- Born: 26 May 1898 Kingston, Ontario
- Died: 4 April 1980 (aged 81) Candlewood Isle, Connecticut
- Education: Queen's University (BSc '20)
- Occupations: Metallurgist and business executive
- Known for: President of Inco Limited
- Spouse(s): Margaret Belle Arthur Joan Ehretia Windus

= Roy Gordon =

James Roycroft Gordon (26 May 1898 – 4 April 1980) was a Canadian chemist and a research metallurgist who rose to become President of Inco Limited.

== Early years and military service ==
James Roycroft Gordon was born a Methodist in 1898 near Kingston, Ontario.
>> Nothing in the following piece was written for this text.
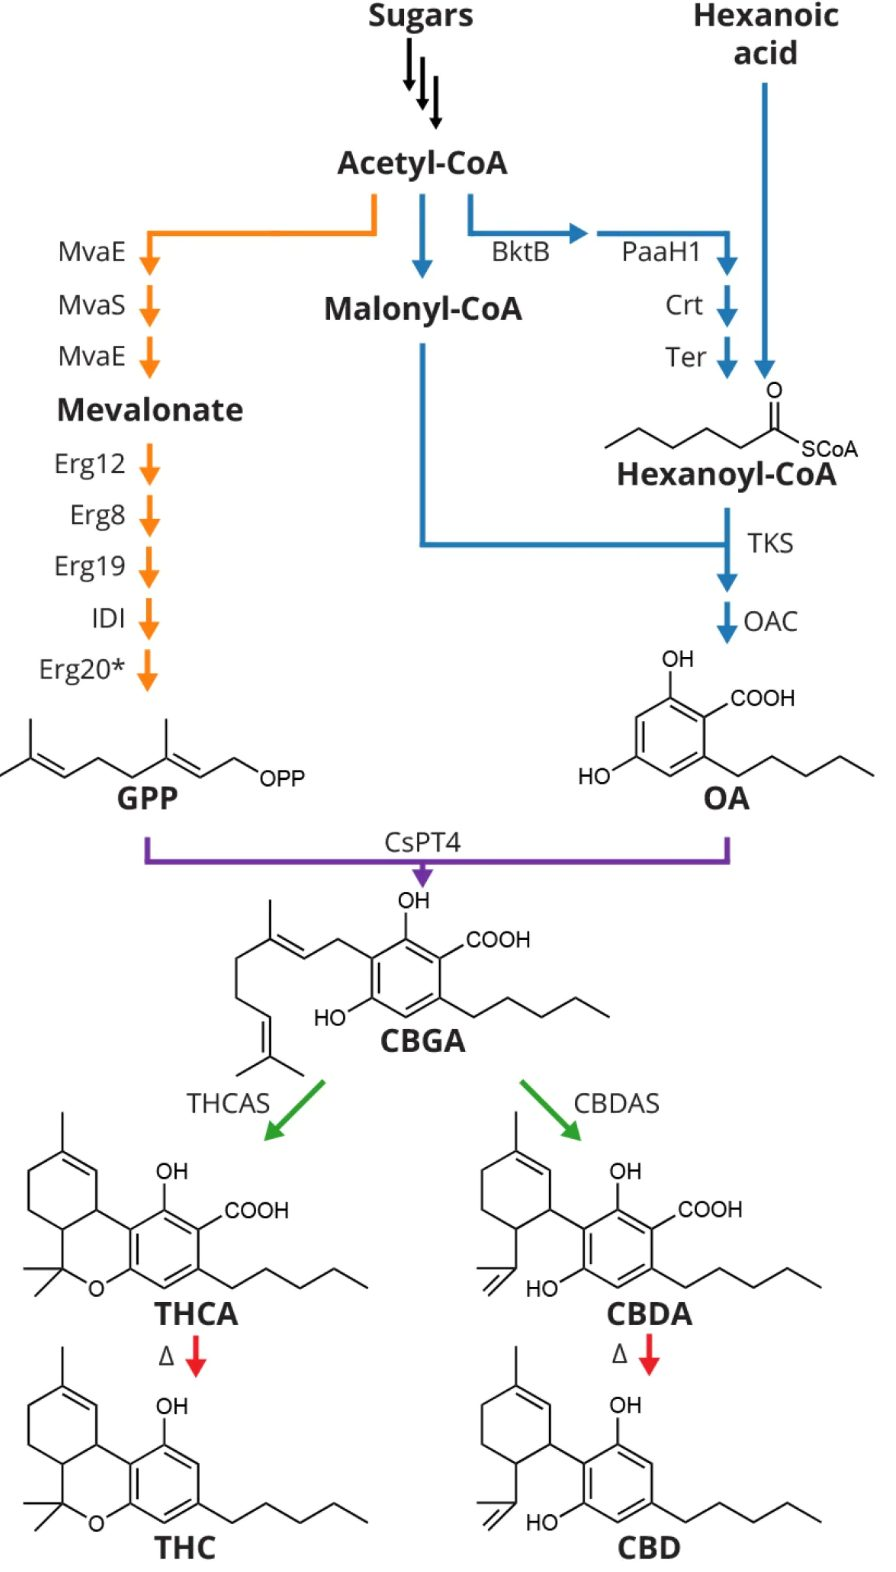 Figure 1. Voie biochimique recréée par Luo et al. (2019) au sein de souches de S. cerevisiae. (Jay Keasling lab, UC Berkeley)

He graduated from Queen's University in 1920 with a B.Sc. in Chemistry.

Gordon participated as a soldier from 16 May 1918 in the Canadian Expeditionary Force of World War I.

== Career ==
In 1936 he became associated with Inco as Director of the newly established Research Department at Copper Cliff.

Gordon was elected President of Inco in 1960.

Gordon was at one time or another, President and a Director of the Ontario Mining Association, President and a Director of Whitehead Metal Products, a Director of Canada Life Assurance, Page-Hersey Tubes, the Toronto-Dominion Bank, and the Toronto General Trusts.

== Recognition and legacy ==
Gordon was the recipient of the 1948 Medal of the Canadian Institute of Mining and Metallurgy.

Gordon was awarded the AIME James Douglas Gold Medal in 1958.

Gordon was fêted by the Canadian Club on 30 November 1964 as he delivered a lecture entitled "Canada - The Common Market - and World Trade".

In December 1967 INCO inaugurated the J. Roy Gordon laboratory in Sheridan Park for its research in extractive metallurgy. By 2002 it had developed into a jewel responsible for many of the recent innovations in the field.